Ruling in Mother and Baby Home cases could have “very dramatic consequences” on how future commissions operate, High Court told.

Image: Alamy Stock Photo

Updated Nov 18th 2021, 6:45 PM

THE TESTIMONY GIVEN by Philomena Lee to the Commission of Investigation into Mother and Baby Homes about the adoption of her son has been misinterpreted by the Government, the High Court has heard.

Michael Lynn SC, acting on behalf of Lee, said an assertion made in court by Eoin McCullough SC, acting on behalf of the Government, that Lee consented to the adoption of her son was inaccurate.

Lynn said that while Lee did sign the document in question, she was given “no other choice” and the full content of it was never explained to her.

Lee and fellow survivor Mary Harney are among several women taking legal action against the State following the publication of the final report of the Commission of Investigation into Mother and Baby Homes earlier this year. Their two legal challenges are being used as test cases which will set a precedent for future similar cases.

The Commission of Investigation dissolved in February, so the women are taking cases against the Minister for Children, the Irish Government and the Attorney General.

During the two-day hearing Lynn stated that Lee did not understand what she was signing when asked to sign documents which would lead to her son’s adoption. Unbeknownst to her, this resulted in her relinquishing any rights to her son and stating that she would never contact him, the court heard.

Lynn said the assertion that women such as Lee gave “full, free and informed consent” to the adoption of their children is incorrect. He said the report’s statement that women “could withdraw consent for adoption” was also inaccurate. Lynn said the documents Lee signed were never read or explained to her, so she did not understand what she was signing.

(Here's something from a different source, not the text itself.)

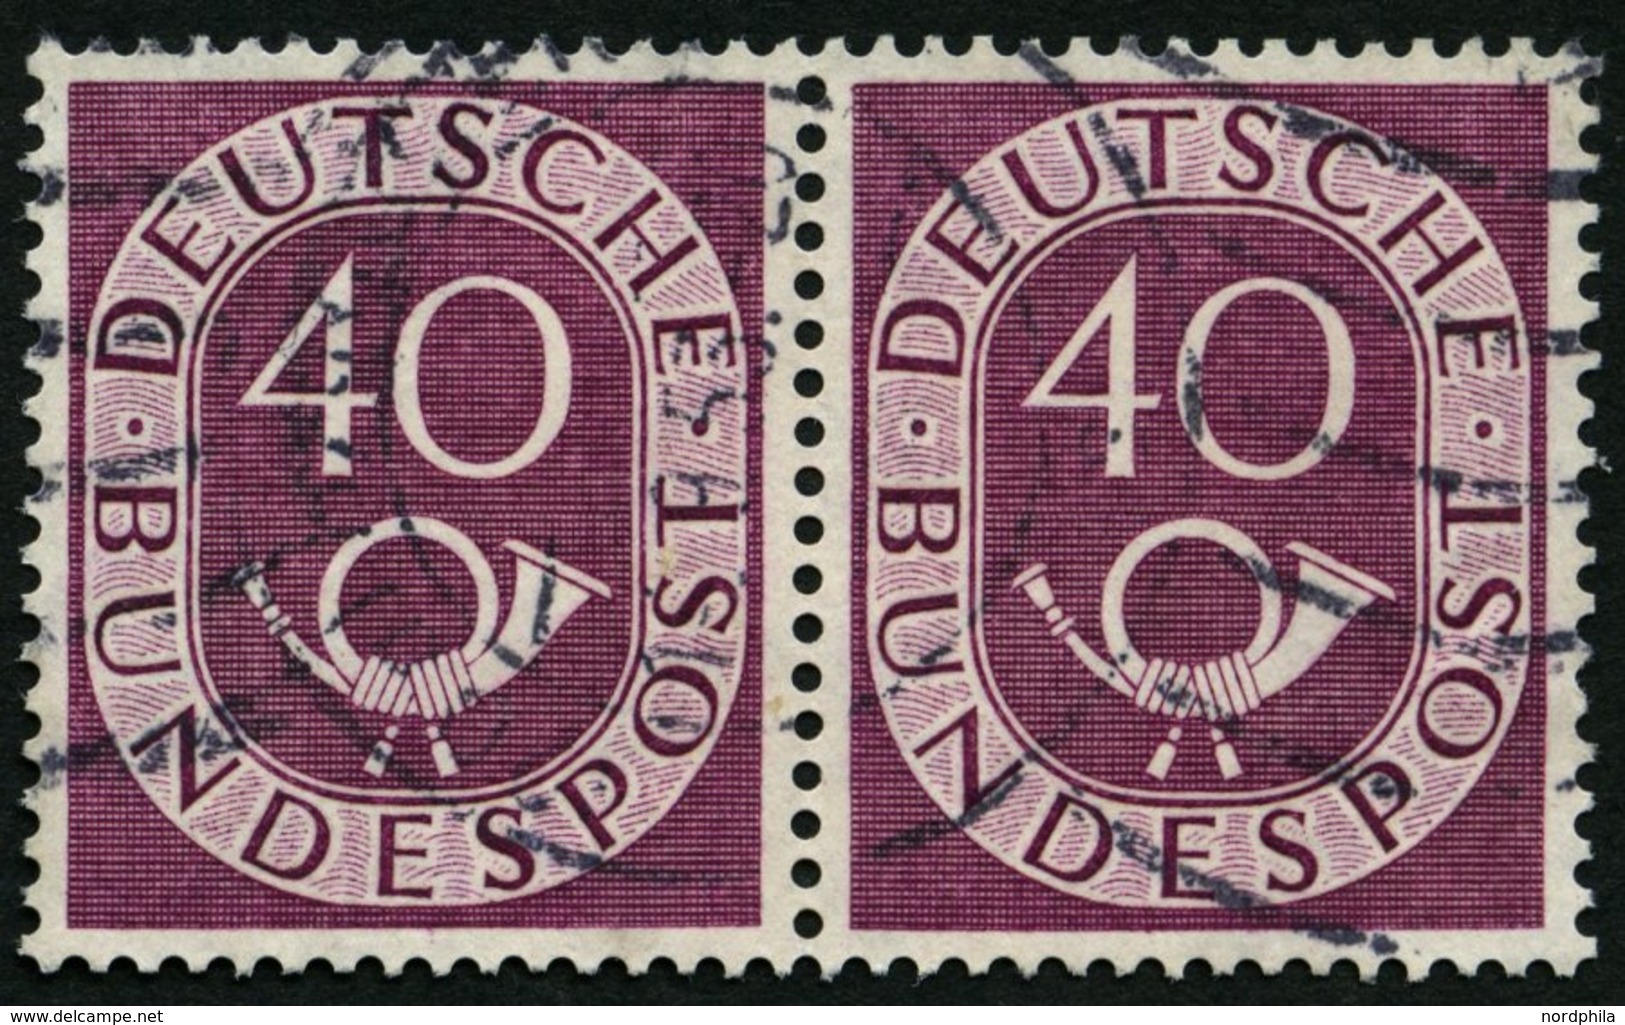 BUNDESREPUBLIK 133 Paar O, 1951, 40 Pf. Posthorn Im Waagerechten Paar, Feinst, Mi. 250.- - Used Stamps

“That is an incomplete, inaccurate picture of what was going on,” Lynn said yesterday, later adding: “At a minimum, [Lee] should have had an opportunity to address that [with the Commission].”

Lynn told the court that the document Lee signed “was never read to her” and “at no point was [she] ever asked formally to swear to the document” – despite that fact it is recorded as being signed ‘under oath’.

However, McCullough disputed this assertion today – saying that while the full details of the document may not have been explained to Lee before she signed it, she was aware that signing it meant her son would be adopted.

In his closing comments this afternoon, Lynn took exception to this stance, stating: 

She did not consent, she had no choice.

Lynn told the court that if the Commission had given Lee the right to reply before its final report was published, she would have “clarified” her position. He added that Lee’s statement “notes the nun didn’t give her a choice” and told her that “her son was going to be adopted”.

‘Life-defining event’ 

Reading from Lee’s statement, Lynn stated how his client recalled being in an office with a nun, Sr Hildegarde, and “a tall man, who I now assume was a solicitor”.

Lee said the nun produced a single-page document, pointed at the bottom of the document and said ‘Sign there, your boy is going to be adopted’.

“I was not given time to read the document and simply did what I was told,” Lee said in her statement.

In court today, Lynn said if the Minister for Children and Government believed Lee consented to her son’s adoption, “her evidence has been misinterpreted”.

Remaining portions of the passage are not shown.